By TruePublica: Boris Johnson is at it again. Making promises that he cannot make without dramatically increasing the national debt or making severe cuts elsewhere. He has already promised to raise the tax threshold and therefore cut taxes for the highest earners in Britain costing the treasury nearly £10 billion a year, which he says would be paid for partly from savings in Brexit no-deal preparations. These savings he refers to have not been fully explained or costed. He has said the same for raising national insurance threshold contributions costing another £11 billion a year. These actions on their own would be taking the number of high-rate taxpayers down to its lowest level in over three decades said the Institute for Fiscal Studies.

 

Johnson also argued that “we should be cutting business taxes”, despite the UK already having one of the lowest rates of corporation tax among developed economies, with successive reductions taking it from 28% in 2008 to 19% now. No explanation of how the uncalculated cost would be met by the long-suffering taxpayer.
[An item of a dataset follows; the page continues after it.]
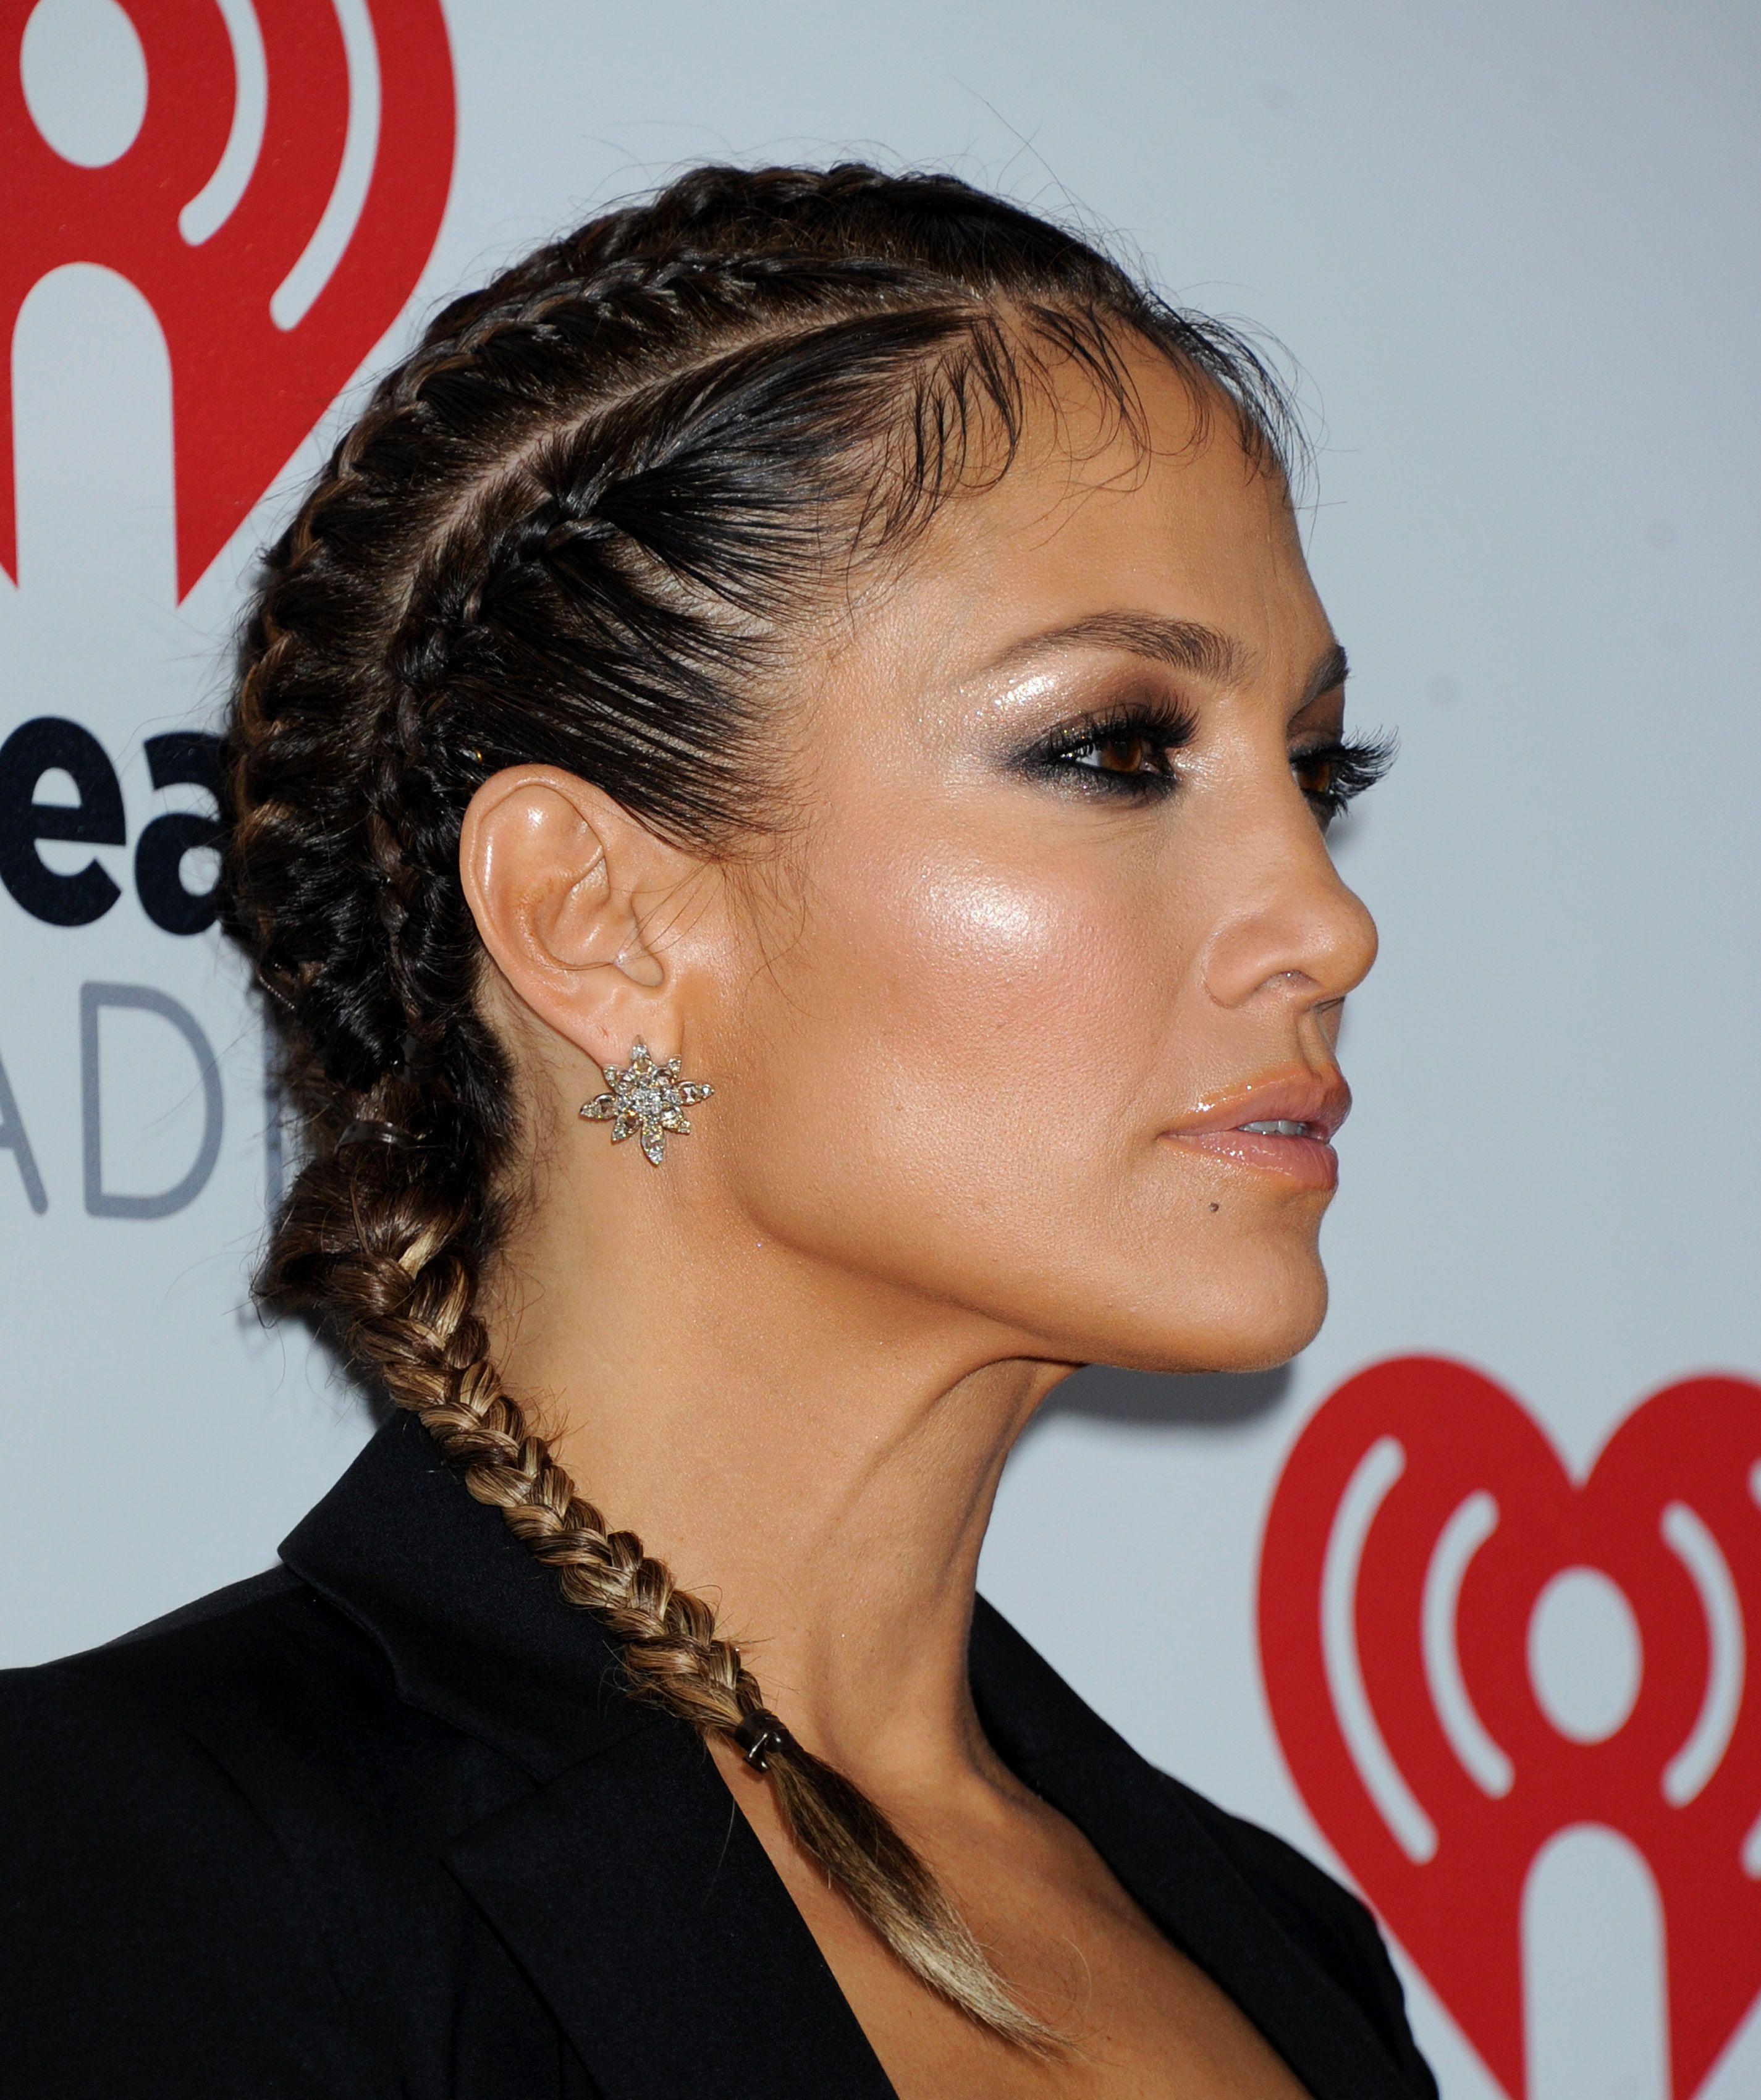 Jennifer Lopez iHeartRadio Music Festival in Las Vegas 19

Another promise adding £1.1 billion a year is to replace the 20,000 police officers that Theresa May sacked. He said the funds would come from the £26 billion “headroom” reserves set aside by Chancellor Philip Hammond, which Hammond himself has said will not be made available for anything other than saving the economy from contraction.

No mention is made of the latest cost of Brexit now put at £22 billion a year just to see UK businesses survive the effects of a promised no-deal hard Brexit come October 31st, let alone defending the rest of the economy, and promises such as increasing spending on the police, education and tax breaks.

 

The Times reported on Monday that Johnson plans to negotiate a deal with the US prior to the United Kingdom’s scheduled exit date from the European Union on October 31 and confirmed this formally by saying:

There is no question that the moment we leave on the 31st we should be in a position to get some kind of arrangement with the US,” a source on Johnson’s campaign told the paper.

Fox said – “We can’t negotiate anything with the US until after we have left the European Union, it would be in breach of European law for us to do that.”

Sources close to Johnson then suggested that the plan was to strike a “limited” deal with the US in just one area of goods only.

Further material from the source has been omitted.